- [Brief]: Give the data again exactly as written, without any of its pictures.

- [Supplied material]:
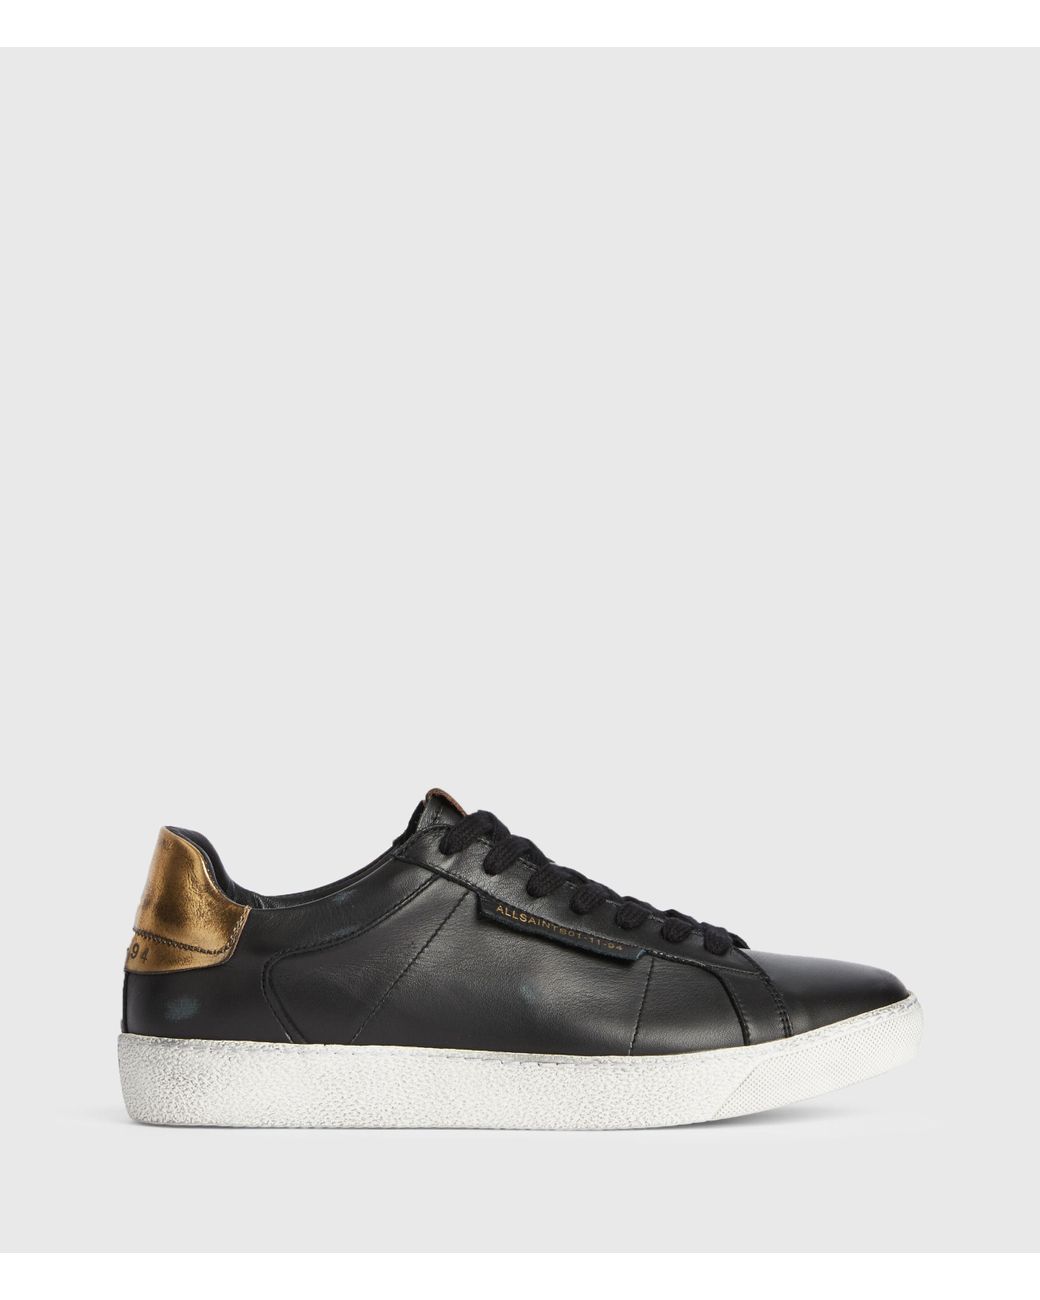 AllSaints Sheer Low Top Leather Sneakers in Black/Gold (Black) - Lyst
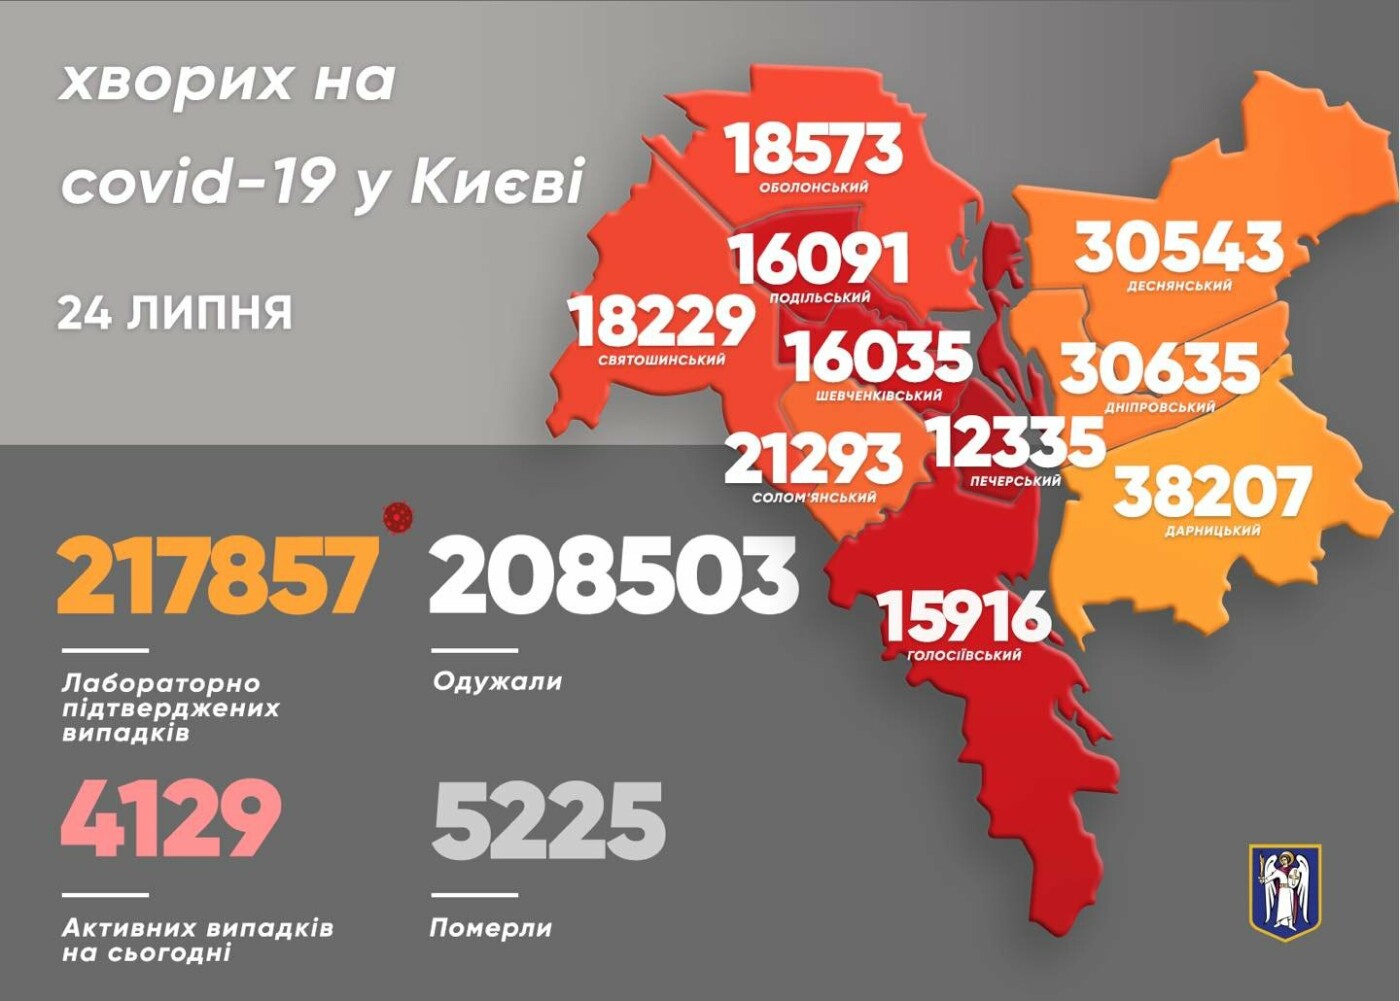 Коронавирус в Киеве: появилась статистика COVID-19 по районам за последние сутки
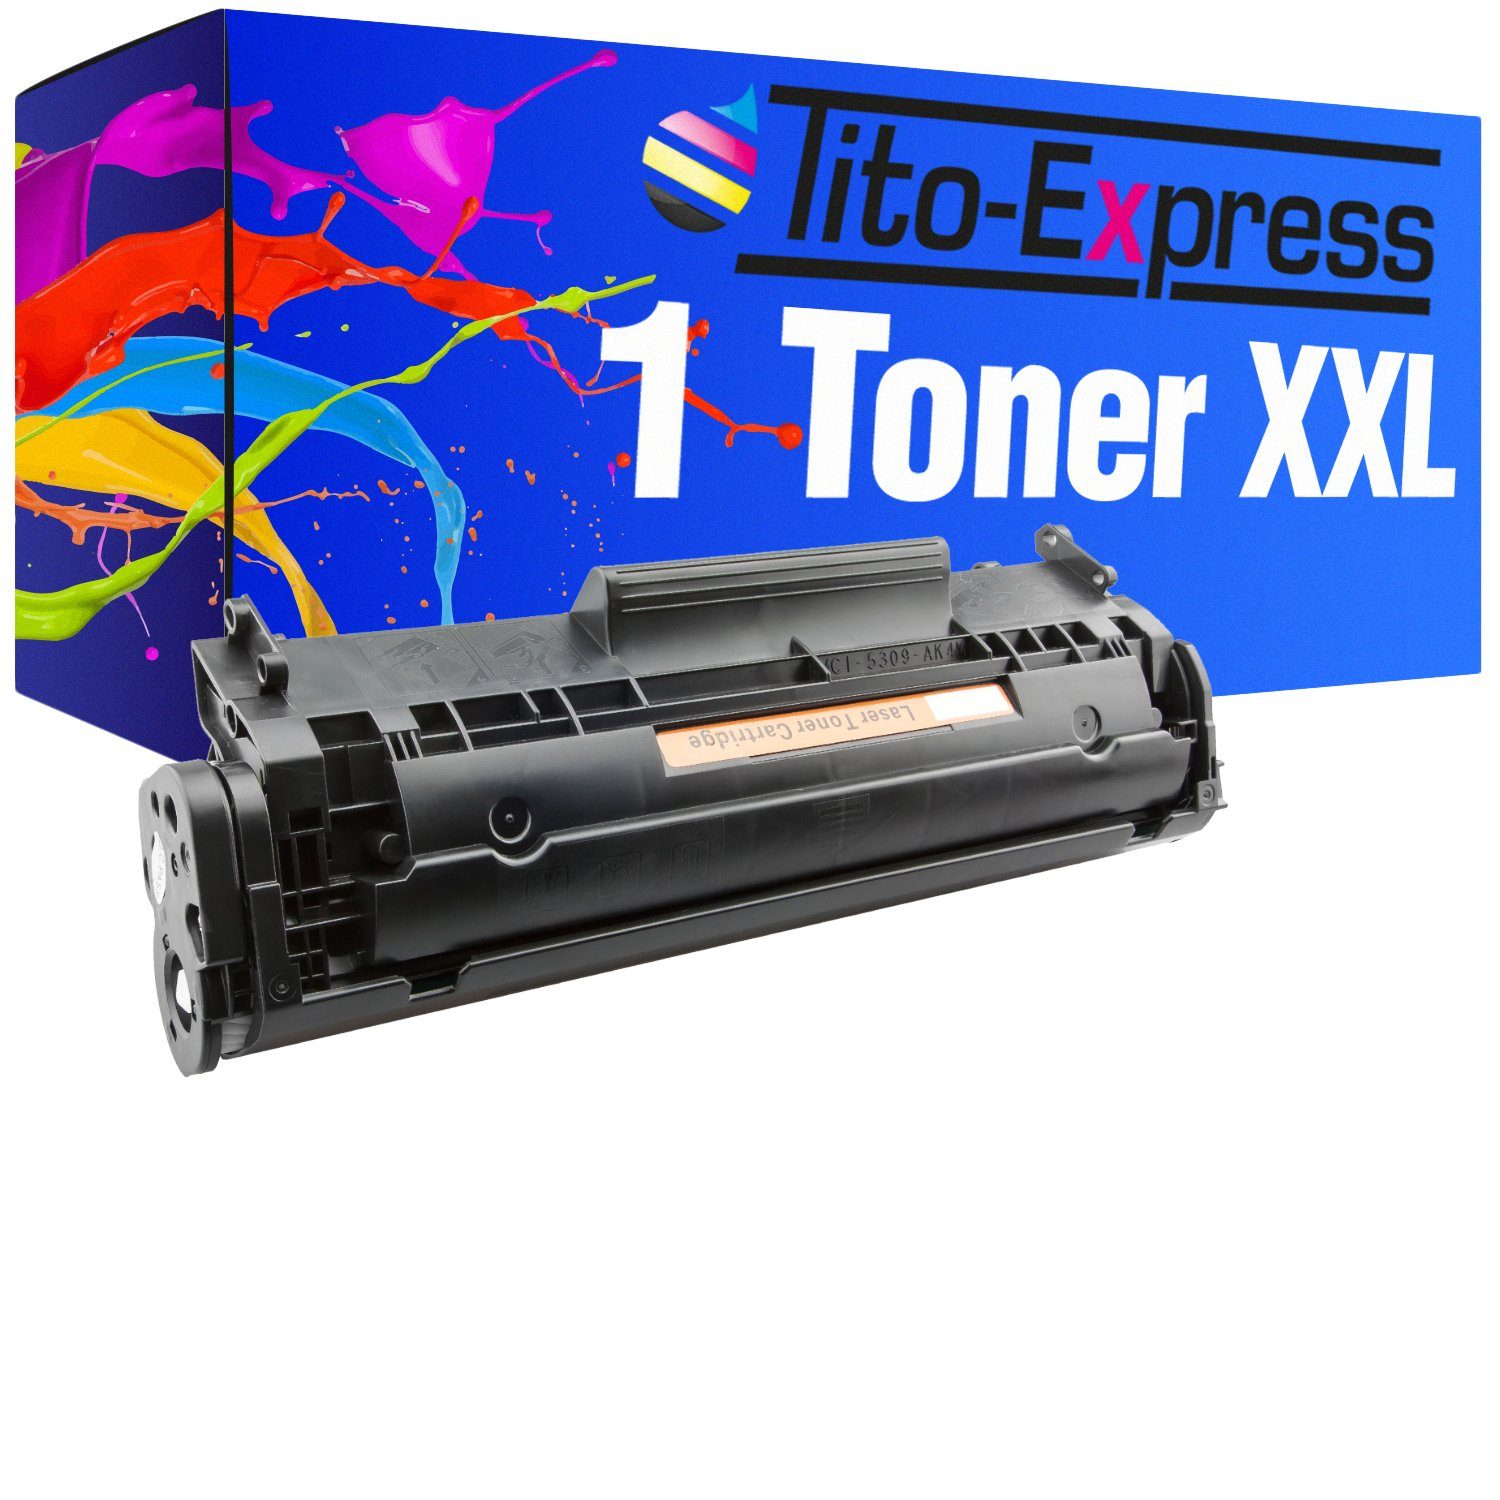 Tito-Express Tonerpatrone ersetzt HP Q 2610 A HP Q 2610A HPQ2610A HP 10A Black, für LaserJet 2300 Series 2300 2300D 2300L 2300DN 2300DTN 2300N

- [Solution to this task]:
 AllSaints Sheer Low Top Leather Sneakers in Black/Gold (Black) - Lyst
 Коронавирус в Киеве: появилась статистика COVID-19 по районам за последние сутки
 Tito-Express Tonerpatrone ersetzt HP Q 2610 A HP Q 2610A HPQ2610A HP 10A Black, für LaserJet 2300 Series 2300 2300D 2300L 2300DN 2300DTN 2300N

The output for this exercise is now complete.